— Your objective —
Transcribe the listing exactly, leaving out every picture.

*** Data segment Section Begins ***

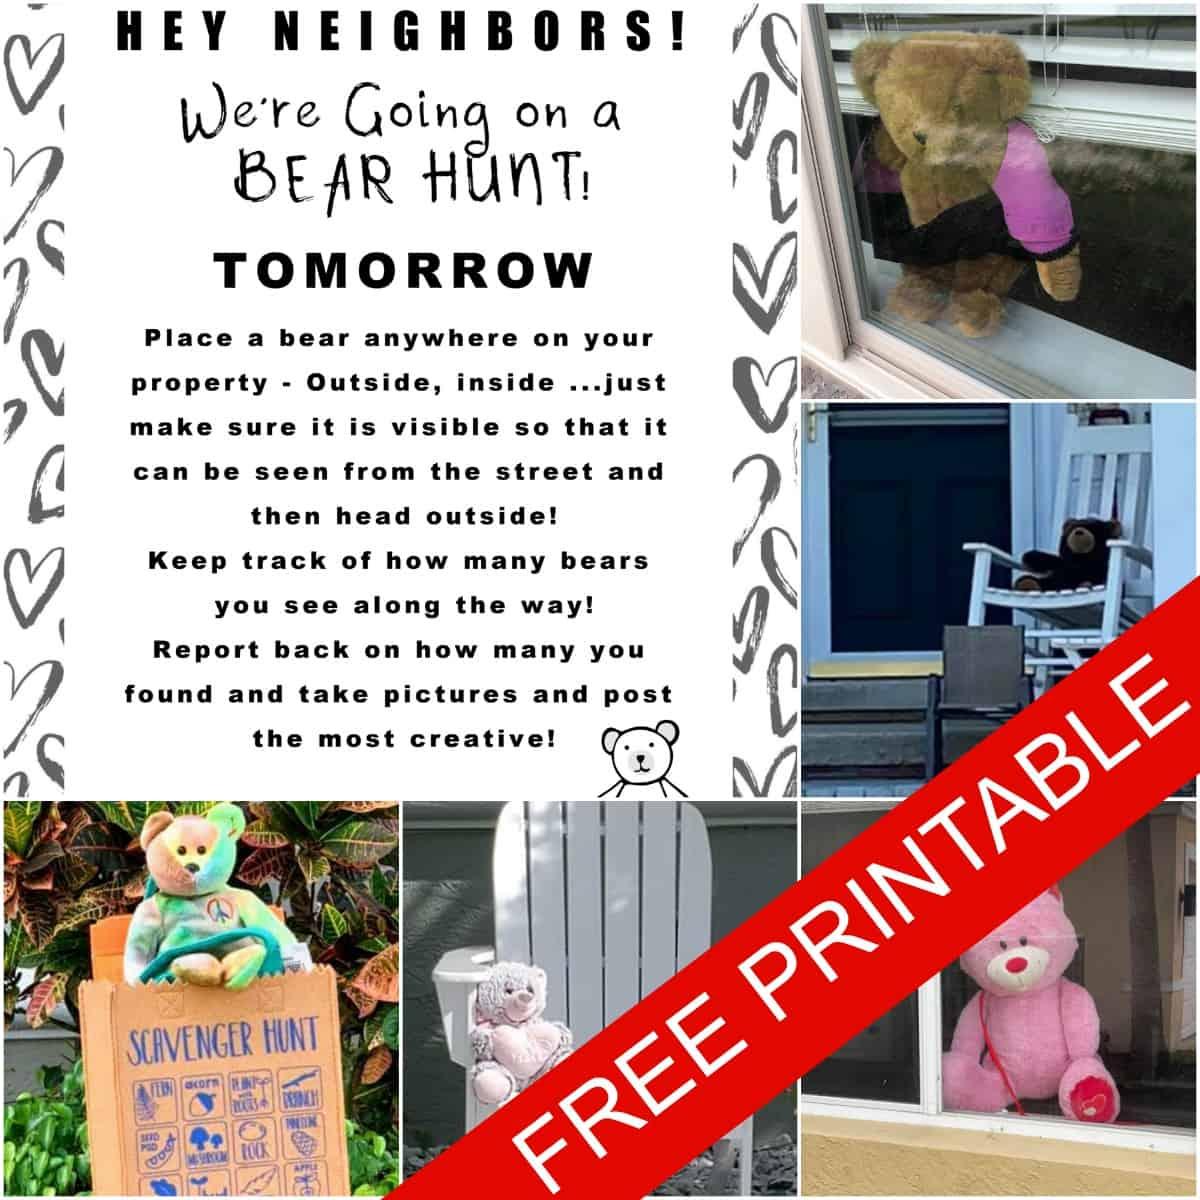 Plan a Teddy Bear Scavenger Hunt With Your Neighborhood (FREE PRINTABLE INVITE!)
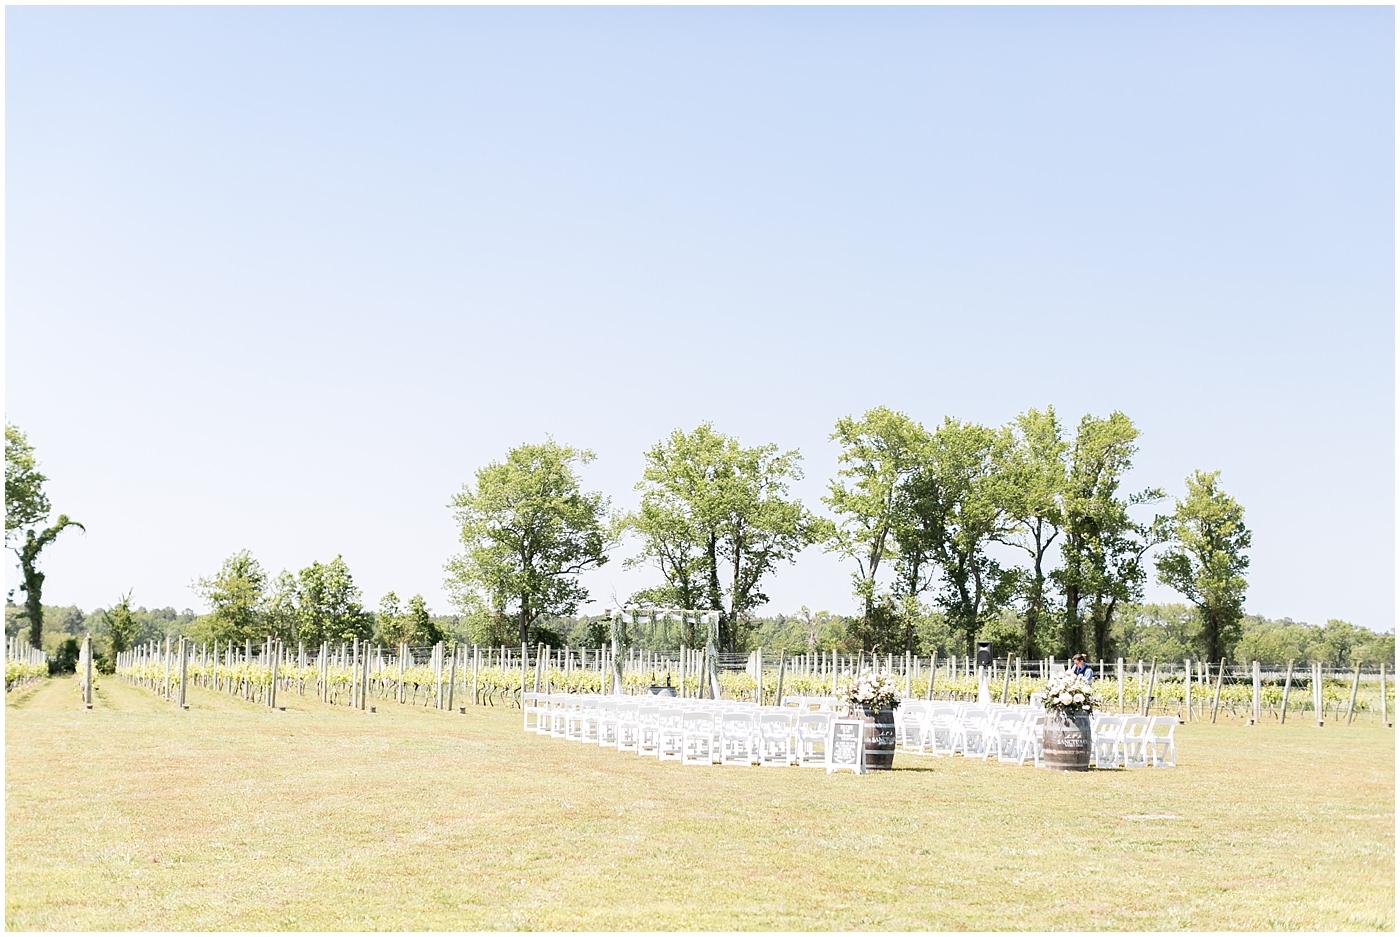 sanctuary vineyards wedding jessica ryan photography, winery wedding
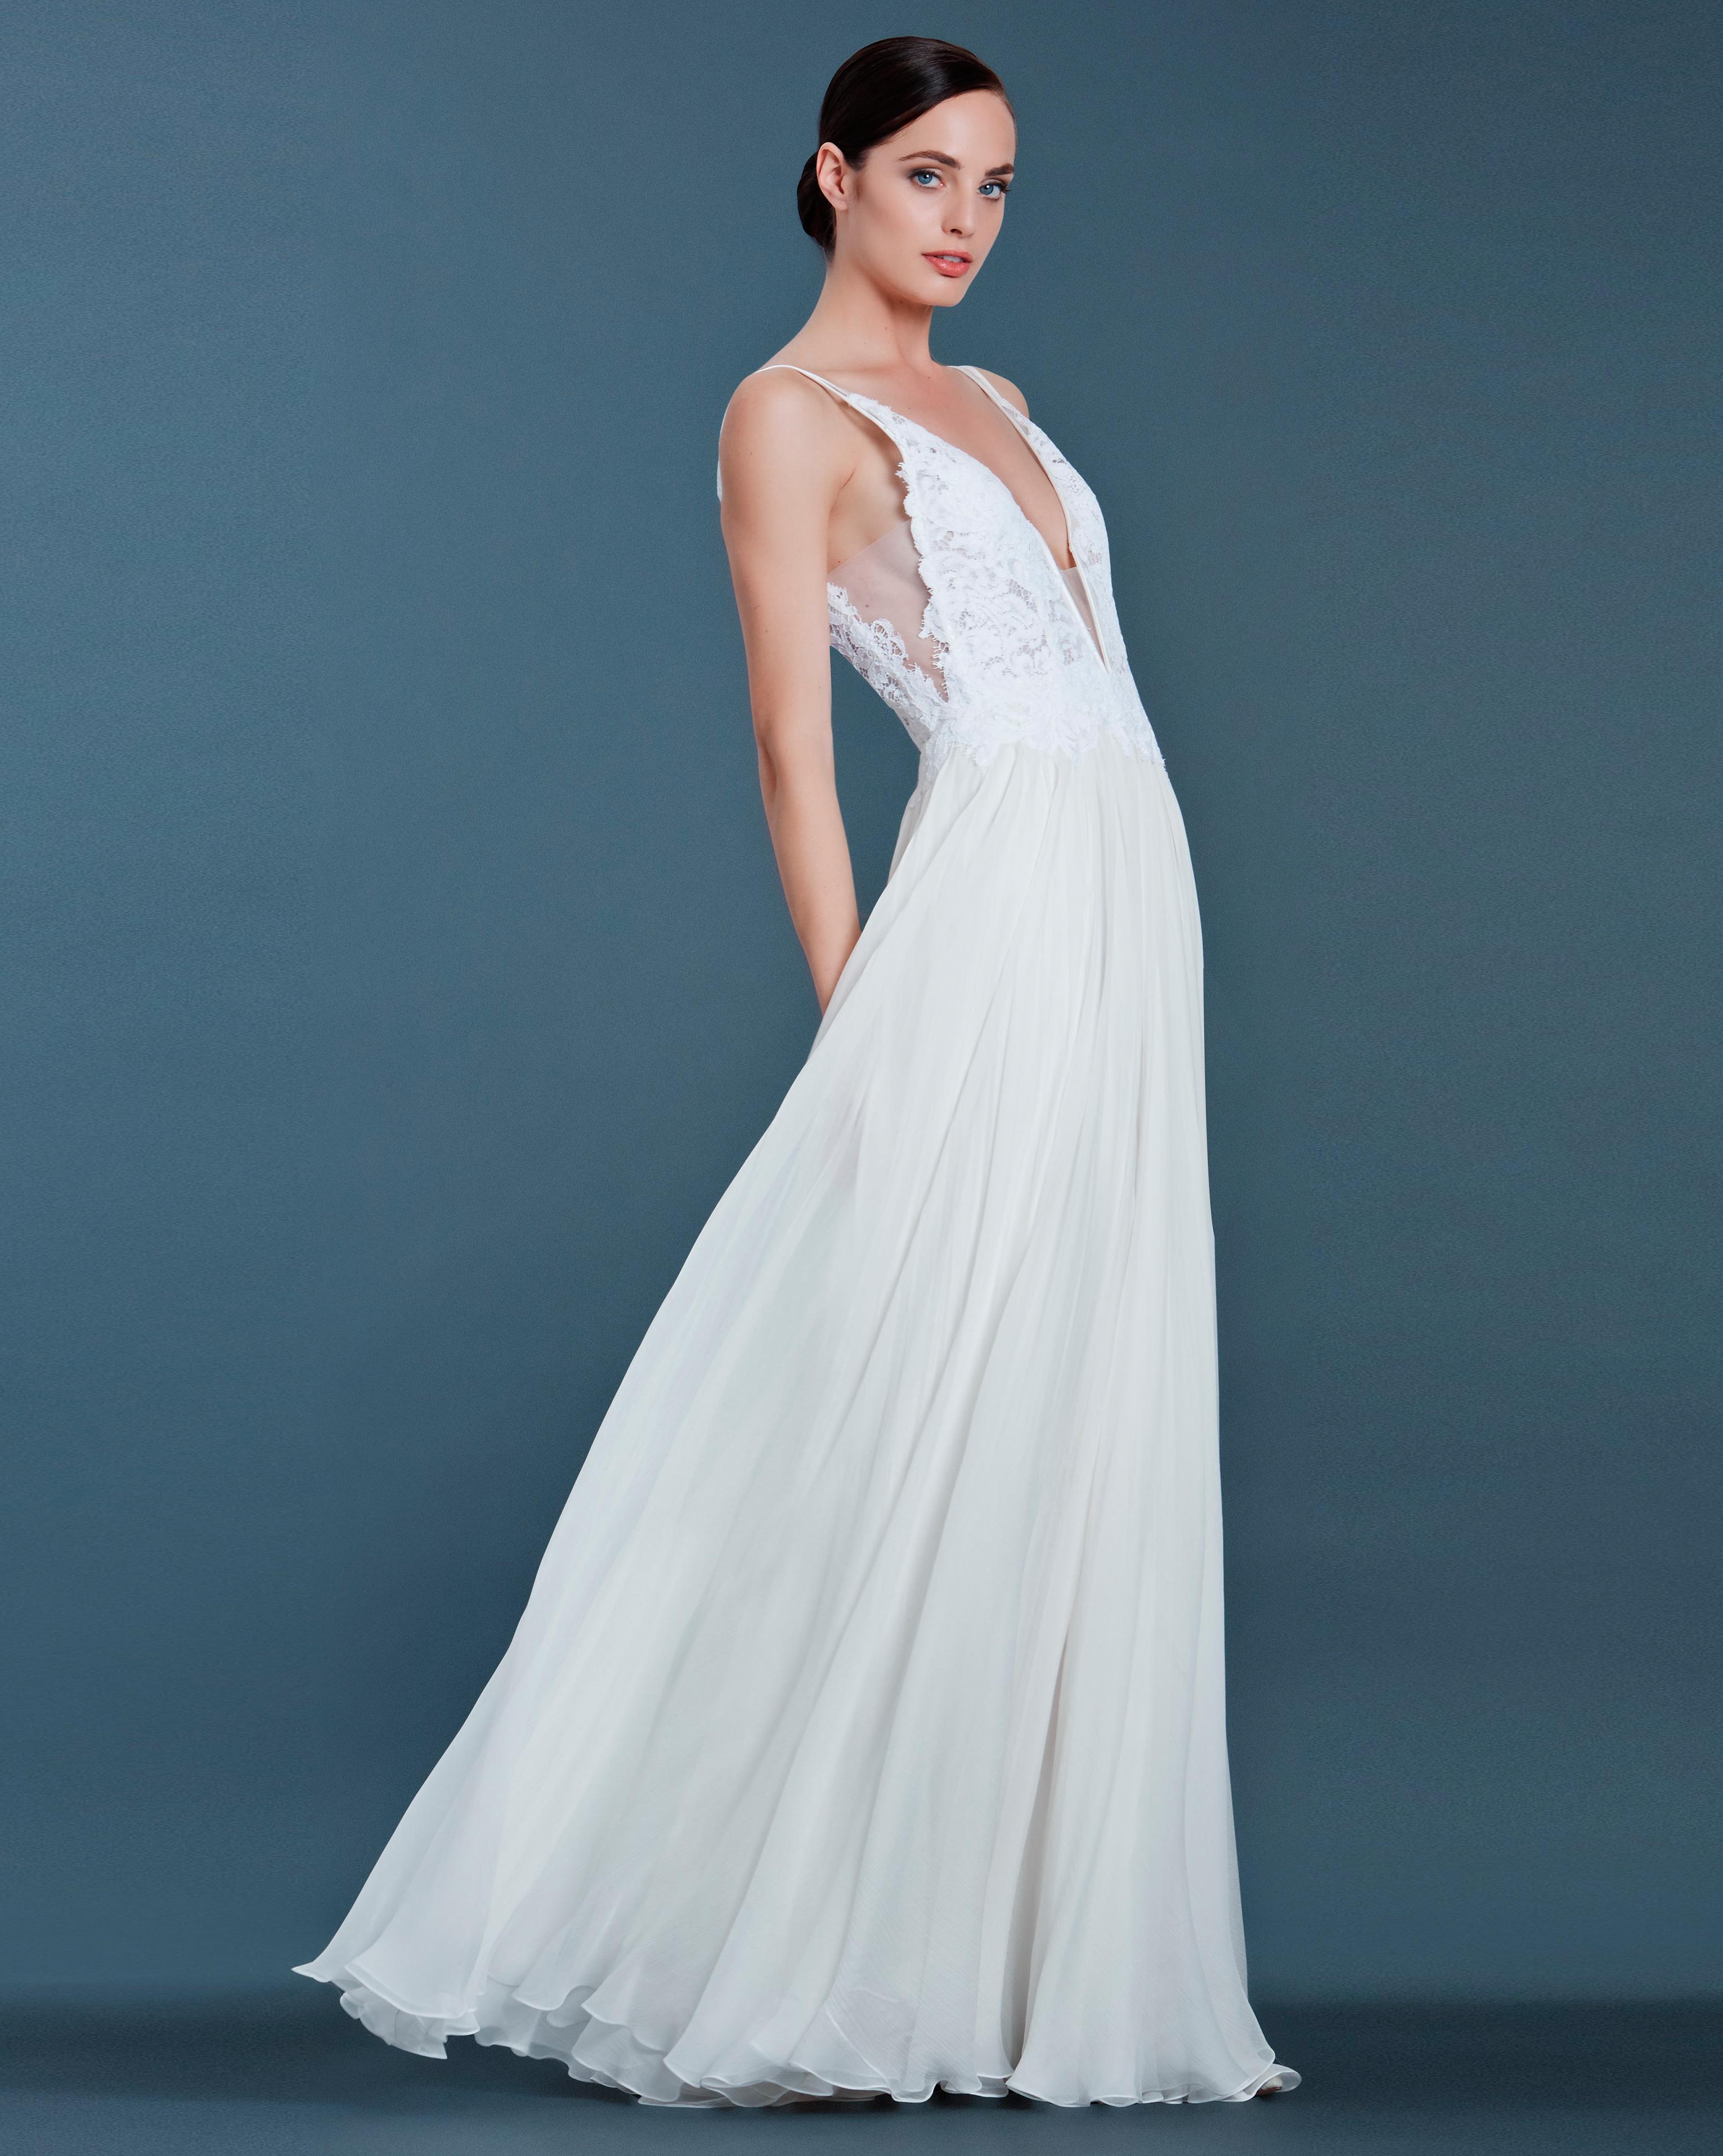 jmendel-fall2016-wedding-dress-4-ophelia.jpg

*** Data segment Section Ends ***

— Solution —
 Plan a Teddy Bear Scavenger Hunt With Your Neighborhood (FREE PRINTABLE INVITE!)
 sanctuary vineyards wedding jessica ryan photography, winery wedding
 jmendel-fall2016-wedding-dress-4-ophelia.jpg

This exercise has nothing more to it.